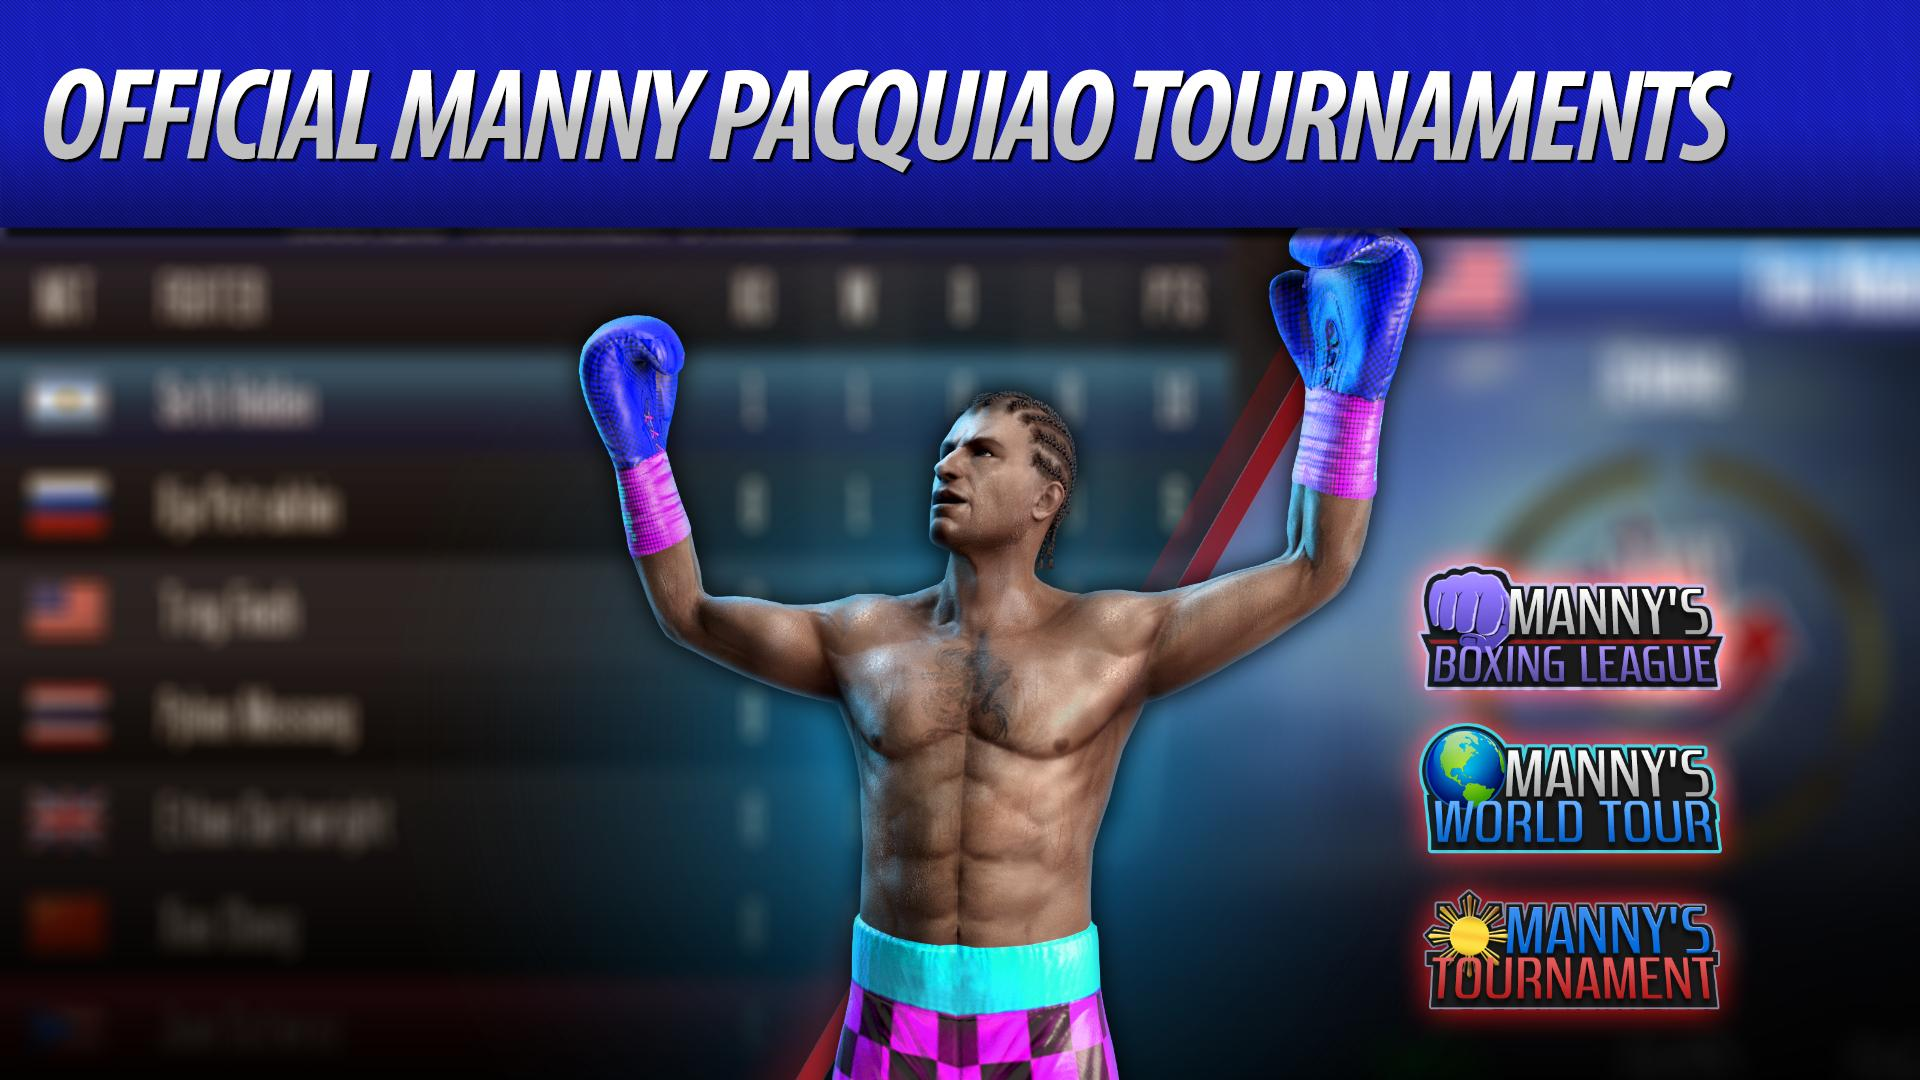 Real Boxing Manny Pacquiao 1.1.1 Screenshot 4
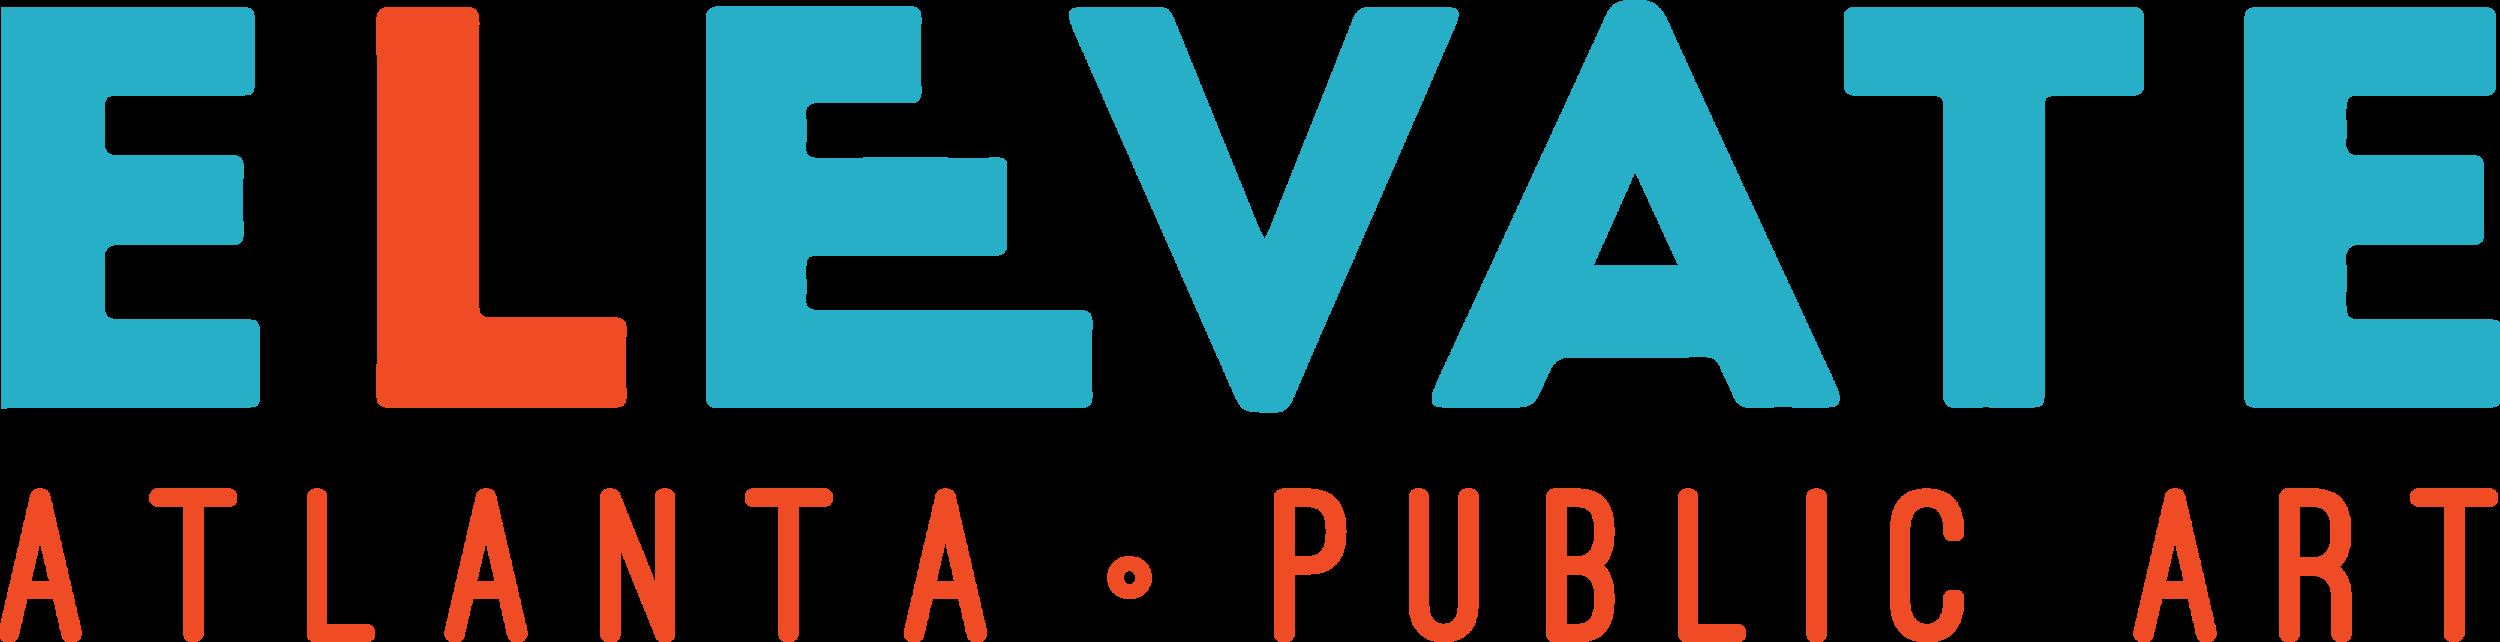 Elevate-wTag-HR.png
□ □ □ □
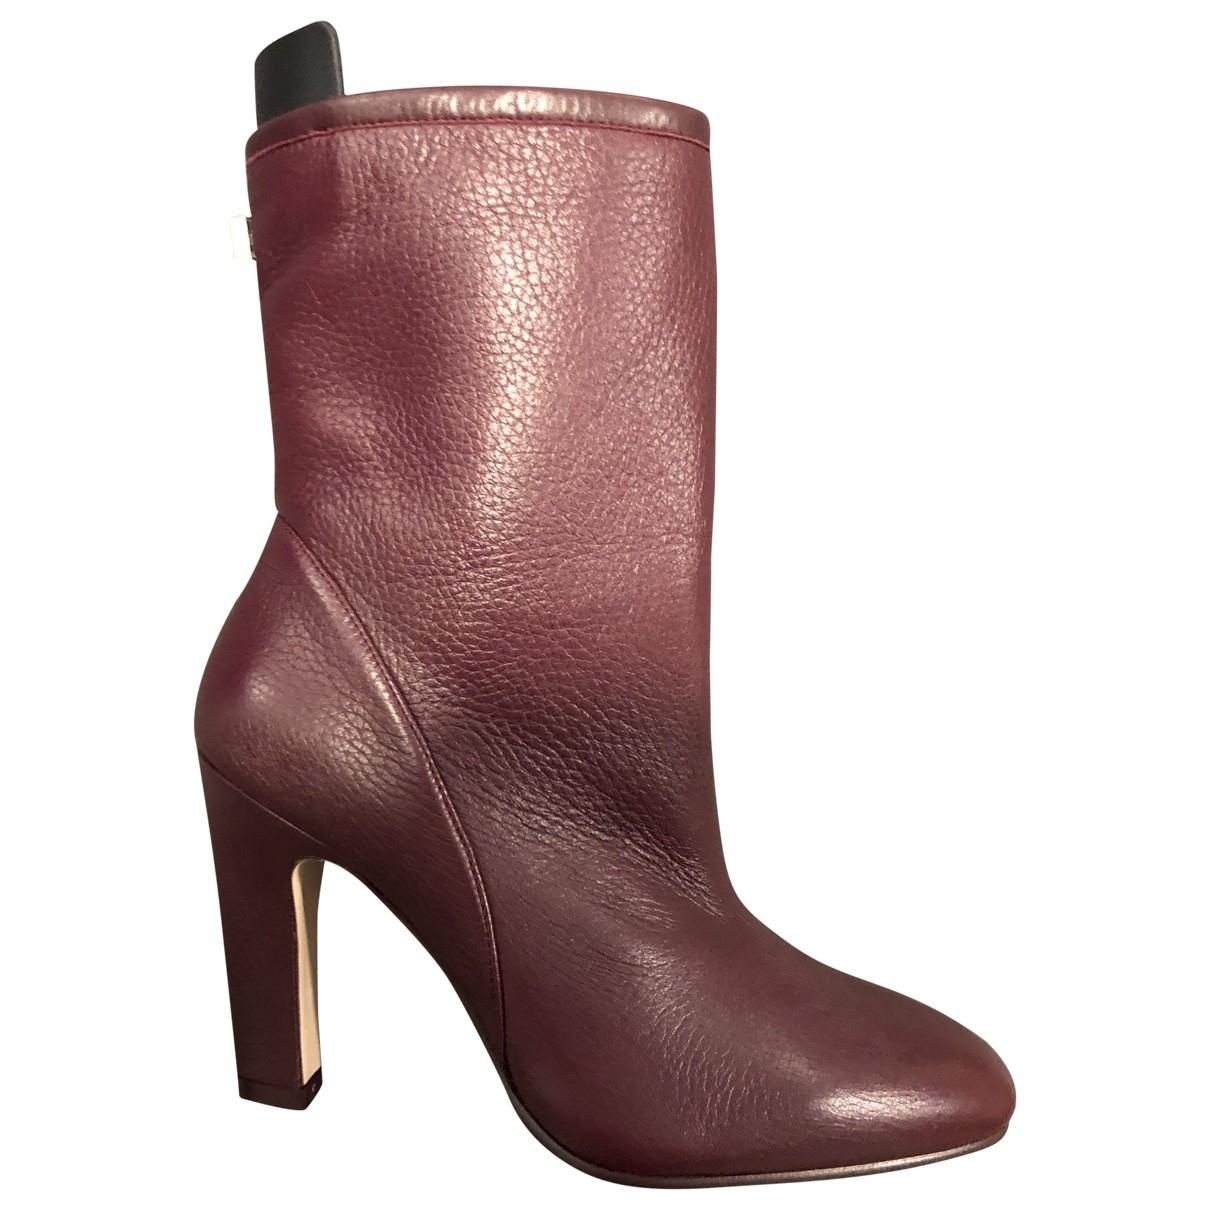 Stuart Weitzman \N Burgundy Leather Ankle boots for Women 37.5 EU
□ □ □ □
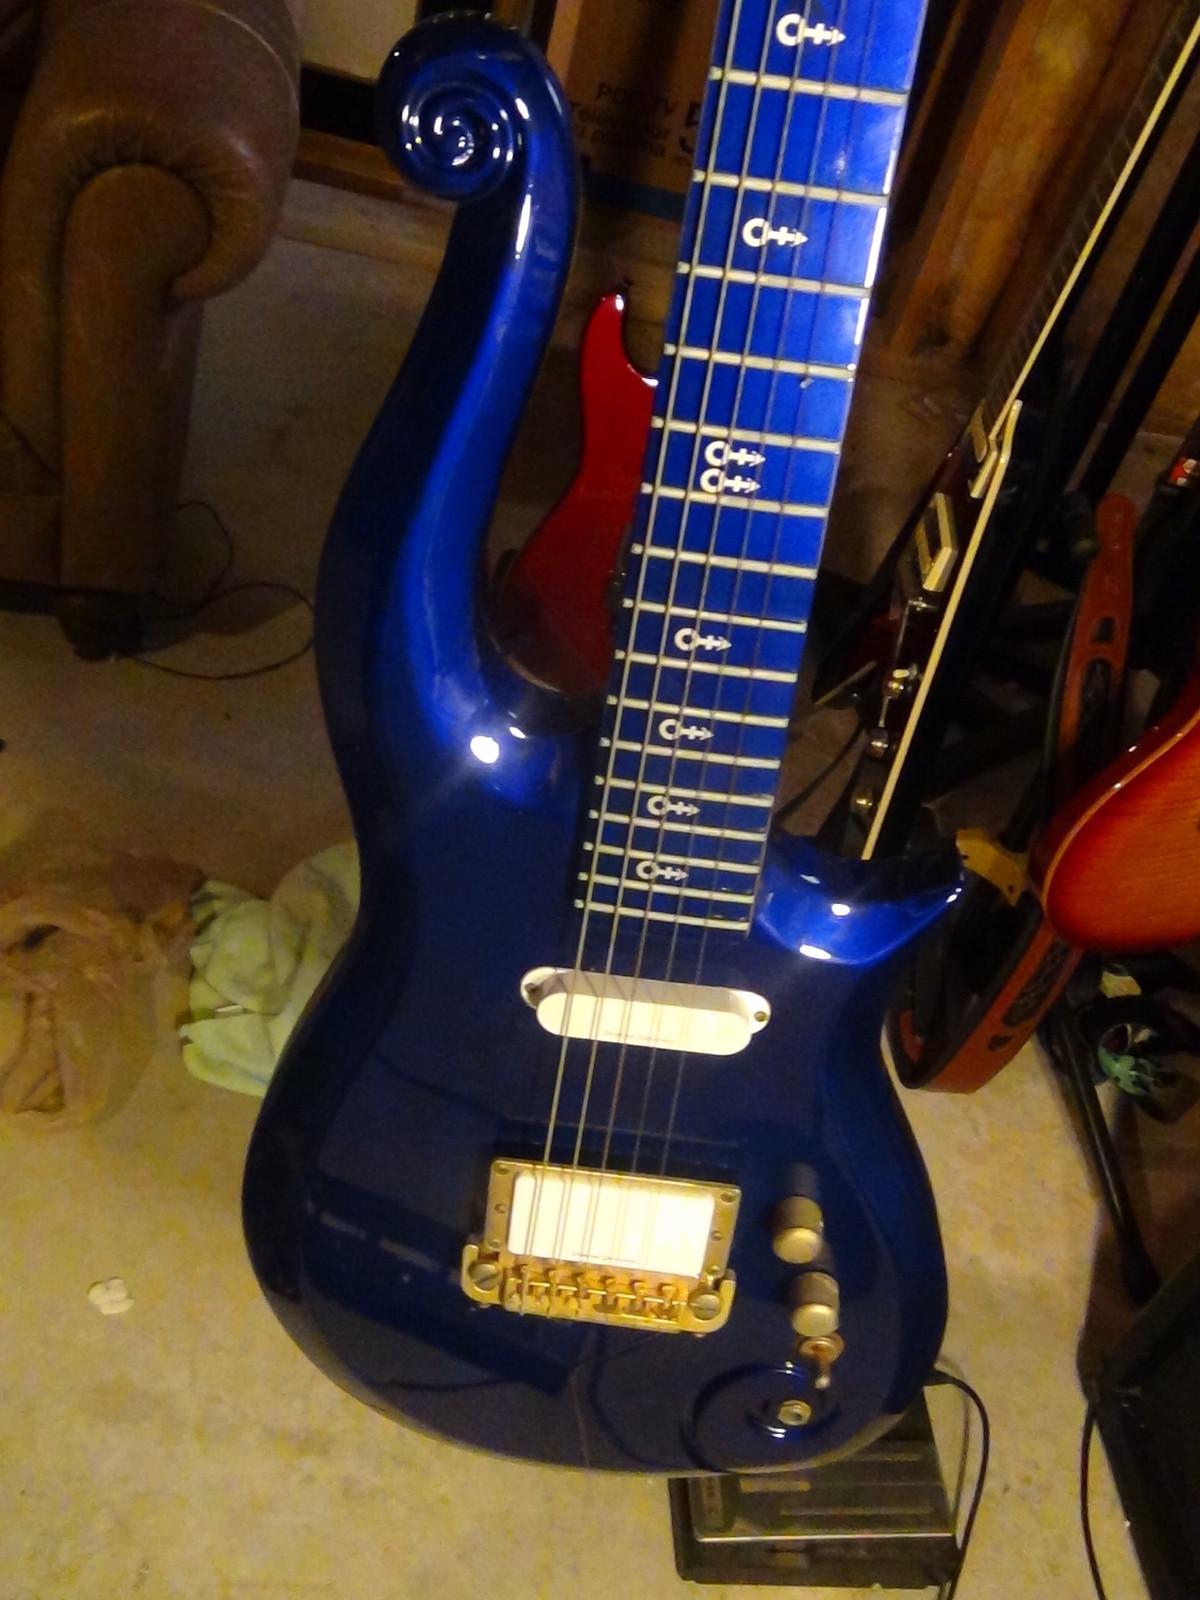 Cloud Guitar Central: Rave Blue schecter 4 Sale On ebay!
□ □ □ □
To do
Please set down, exactly and with no pictures, the lines in the entries above starting at the one holding "Real Boxing Manny" and ending at the one holding "Elevate-wTag-HR.png", ends included.

Output
 Real Boxing Manny Pacquiao 1.1.1 Screenshot 4
 Elevate-wTag-HR.png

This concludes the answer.